7711. And there shall be thick darkness over the land of Egypt. That this signifies a complete privation of truth and good, is evident from the signification of "thick darkness," as being a complete privation of truth and good. In various places in the Word mention is made of "darkness" and also at the same time of "thick darkness," and then "darkness" is predicated of falsity, and "thick darkness" of evil together with it. But the word by which "thick darkness" is expressed in this verse means the densest darkness, by which in the internal sense are signified such falsities as spring from evil. Such falsities arise with those who have been of the church, and have lived a life of evil contrary to the precepts of faith which they have known. The evil from which these falsities spring, is against the church, against heaven, and against the Lord, thus is diametrically against good and truth. This state is now described by "thick darkness."

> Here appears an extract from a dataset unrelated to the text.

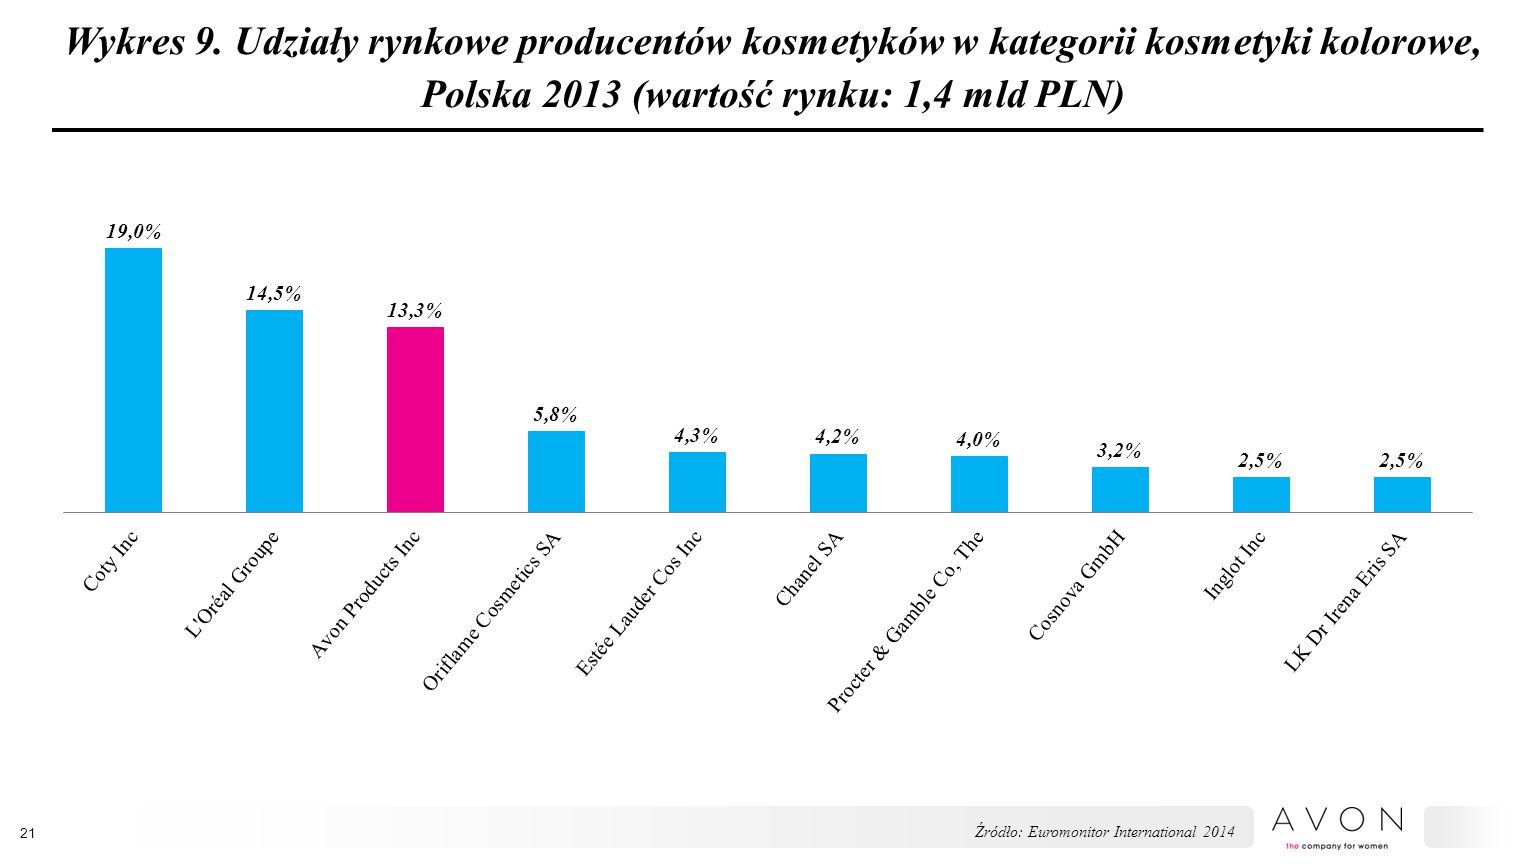 Wykres 9. Udziały rynkowe producentów kosmetyków w kategorii kosmetyki kolorowe, Polska 2013 (wartość rynku: 1,4 mld PLN) 21 Źródło: Euromonitor Inter

 That in the Word both "darkness" and "thick darkness" are mentioned together, and that "darkness" then denotes the privation of truth, and thick darkness the privation of both truth and good, can he seen from the following passages. In Isaiah:
Judgment is far from us, and righteousness overtaketh us not; we await the light, but behold darkness; and brightnesses, but we walk in thick darkness. We grope for the wall like the blind, yea, we grope as they that have no eyes; we stumble at noonday as in the twilight; among the living we are as the dead (Isa. 59:9-10);
"judgment is far from us," and "righteousness overtaketh us not," denotes that there is neither truth nor good; (that "judgment" is predicated of truth, and "righteousness" of good, see n. 2235, 3997); "to await the light" denotes to await truth; and "to await brightnesses" denotes to await the good of truth, for the brightness of light is from good. That "darkness" is here opposed to "light" and "judgment," thus to truth; and that "thick darkness" is opposed to "brightness" and "righteousness," thus to good, is evident; and therefore "darkness" denotes the privation of truth, and "thick darkness," the privation of both truth and good. In Amos:
Is not the day of Jehovah darkness, and not light? and thick darkness and no brightness in it? (Amos 5:20);
where the meaning is similar.
The day of Jehovah cometh, a day of darkness and thick darkness, a day of cloud and obscurity (Joel 2:1-2).
The day of Jehovah is a day of wasting and devastation, a day of darkness and of thick darkness (Zeph. 1:15);
where "darkness" denotes the privation of truth; and "thick darkness," the privation of truth and good; if "thick darkness" signified nothing more than "darkness," it would be an empty repetition, which would be far from the Holy Word.
 It is common in the Word to find two expressions of one thing, one of which relates to truth, or to falsity; and the other to good, or to evil. So in Isaiah:
He shall look unto the earth, and behold distress and darkness, dimmed with distress, and driven in thick darkness (Isa. 8:22).
 "Darkness" also signifies ignorance of truth, such as there is with the Gentiles; and "thick darkness," ignorance of good; in Isaiah:
In that day shall the deaf hear the words of the book, and the eyes of the blind shall see out of thick darkness and out of darkness (Isa. 29:18).
If thou satisfy the afflicted soul, thy light shall rise up in the darkness, and thy thick darkness shall be as the noon day (Isa. 58:10);
(that "darkness" denotes falsities, see n. 7688).